Montag, 17. August 2015

Stuttgart gibt Gemälde an Erben von jüdischen Kunsthändlern zurück

70 Jahre nach Kriegsende gibt das Land Baden-Württemberg den Erben von zwei jüdischen Kunsthändlern ein Gemälde aus dem Besitz der Staatsgalerie Stuttgart zurück. Das teilte das Kunstministerium am Montag mit.

Das Bildnis "Pfalzgraf Johann III" (Foto: Wikipedia)
Das Bildnis "Pfalzgraf Johann III" (Foto: Wikipedia)

Nachforschungen zu einem Kunstwerk hätten eine Enteignung von Verfolgten des Nationalsozialismus ergeben, erklärte das Kunstministerium. Wohin das Gemälde gehen wird, war zunächst nicht bekannt. Die Anwälte der Erben sitzen laut Ministerium in New York, Dresden und Marburg.

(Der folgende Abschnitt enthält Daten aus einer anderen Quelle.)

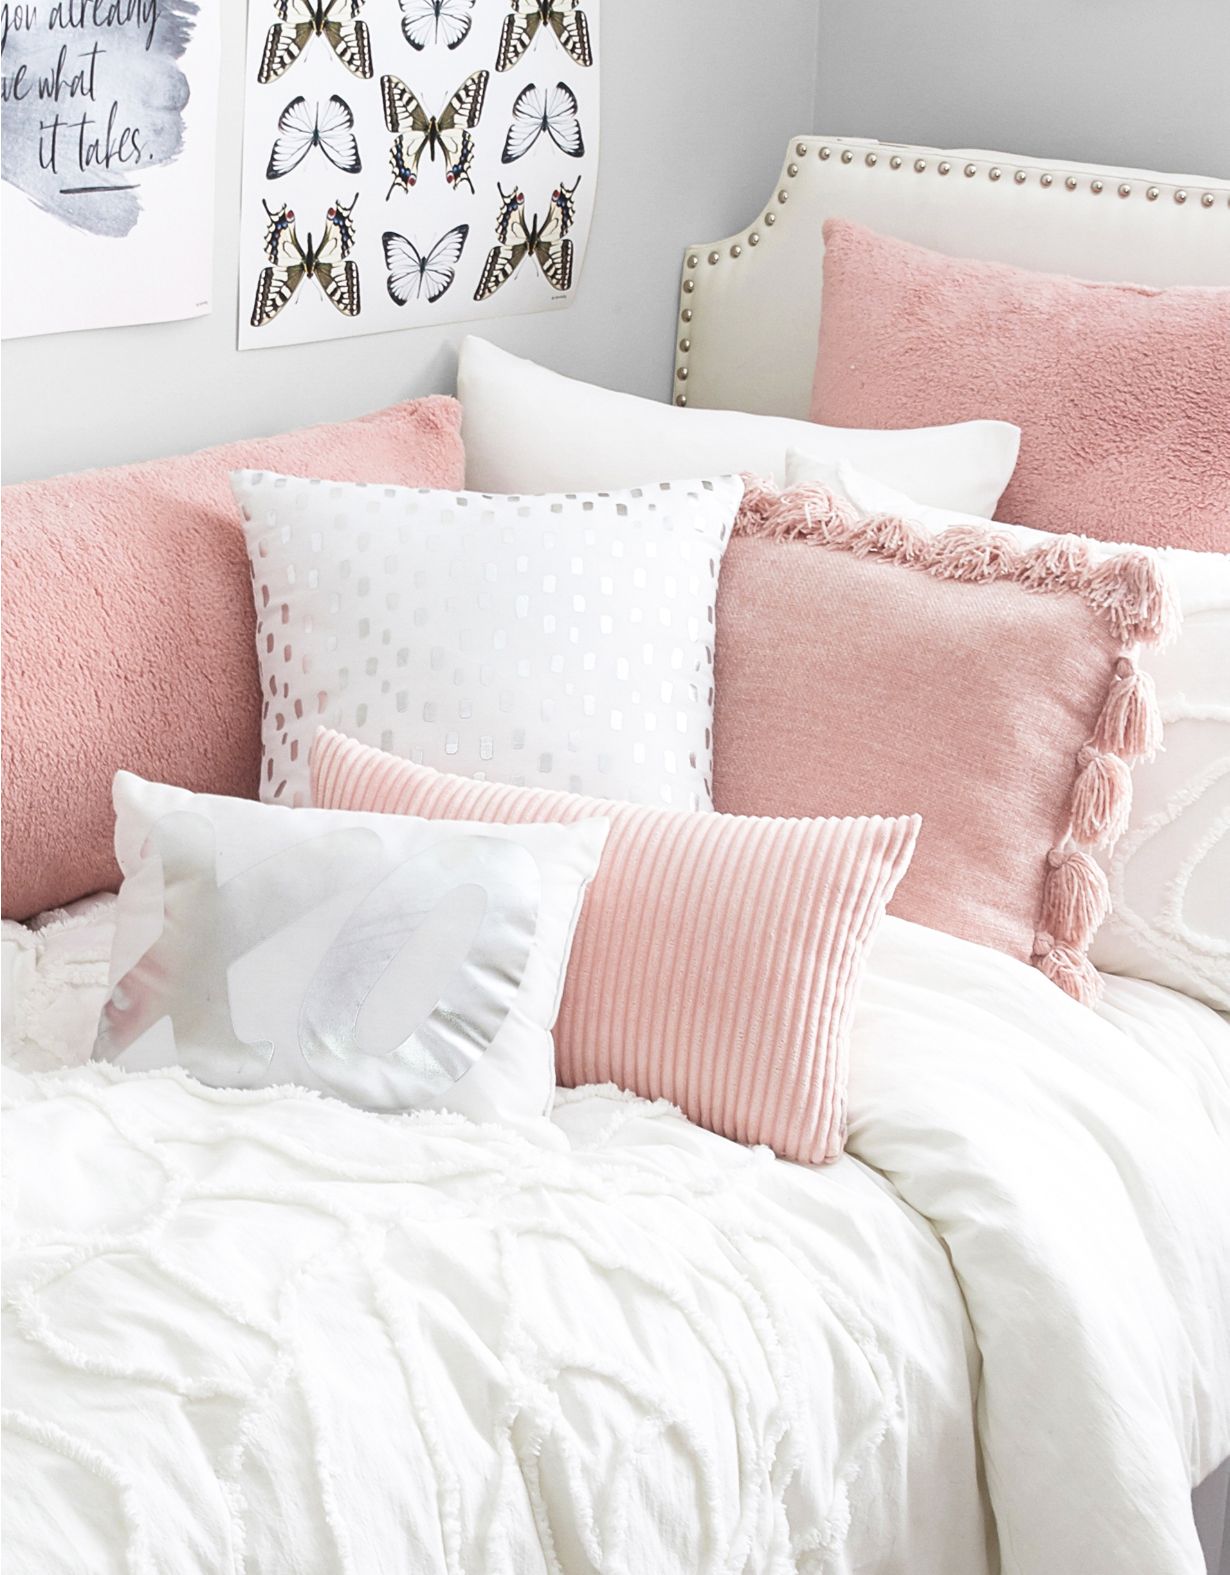 Dormify Cozy Cord Pillow
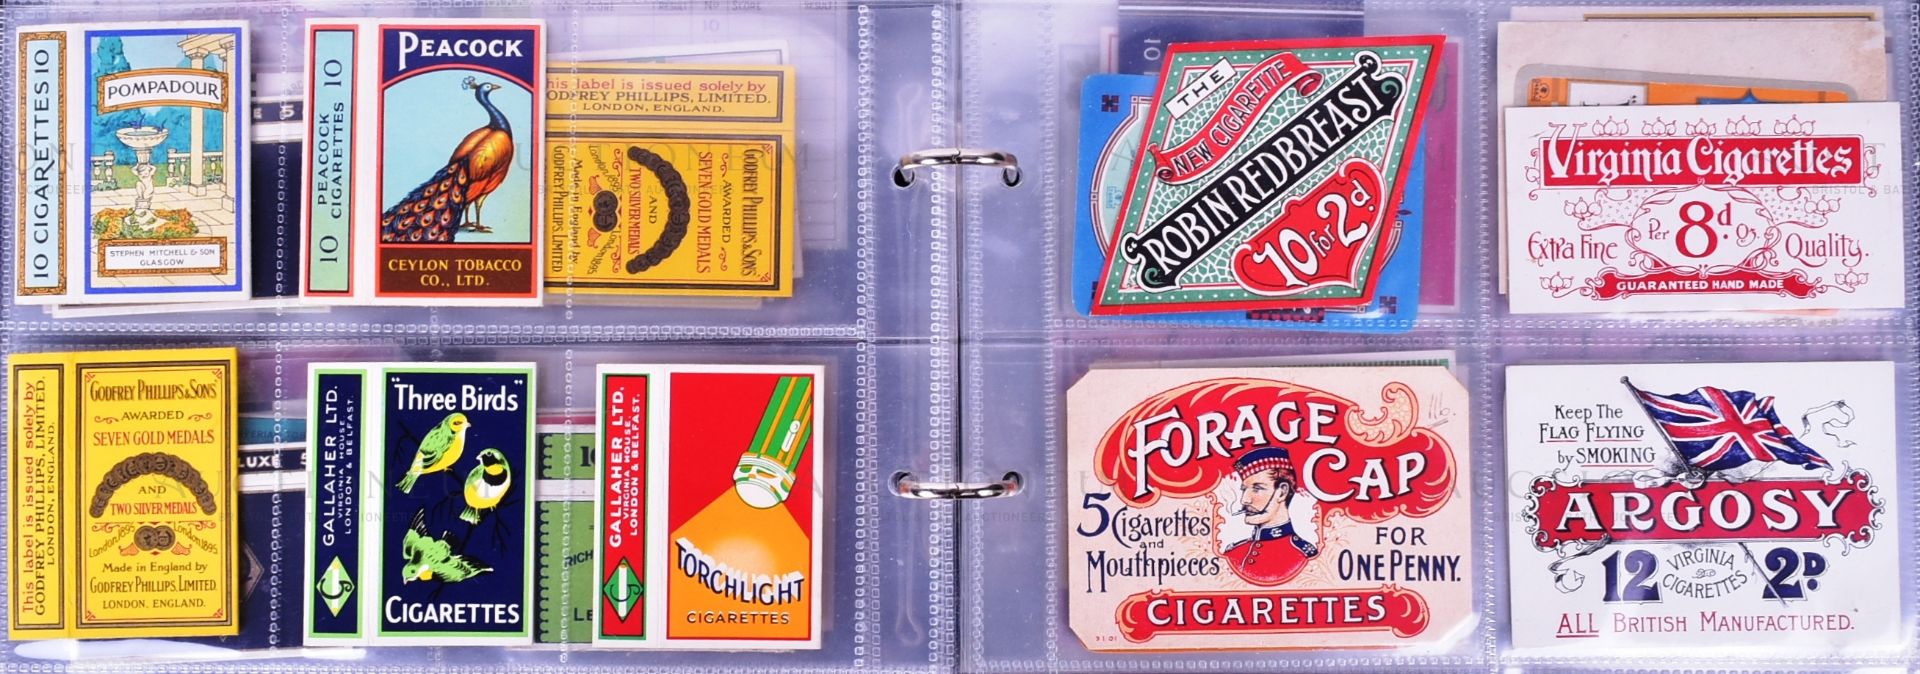 CIGARETTE PACKETS - ALBUM OF VINTAGE CIGARETTE PACKS - Image 8 of 16

Die Übergabe an die Erben von Isaac Rosenbaum und Saemy Rosenberg folge auf Nachforschungen durch die Staatsgalerie. „Wir stehen zu unserer historischen Verantwortung, Kulturgüter, die Verfolgten des Nazi-Regimes entzogen worden sind, zu ermitteln und zurückzugeben“, sagte Kunststaatssekretär Jürgen Walter.

Die Kunsthandlung Rosenbaum hatte das „Bildnis Pfalzgraf Johann III“ (um 1526) aus der Werkstatt von Hans Wertinger 1936 verkauft. Der Erlös musste auf ein Sperrkonto eingezahlt werden und wurde damit den Eigentümern durch die Nationalsozialisten entzogen. Zunächst war unklar, wohin das Werk nun geht.

In Baden-Württemberg beschäftigen sich drei sogenannte Provenienzforscherinnen mit Untersuchungen von entsprechenden Kunstwerken. Nach Angaben der Stiftung Deutsches Zentrum Kulturgutverluste wurden seit 1998 in Deutschland mehr als 14.300 Objekte an ihre rechtmäßigen Eigentümer zurückgegeben. Darunter waren mehr als 8900 Bücher.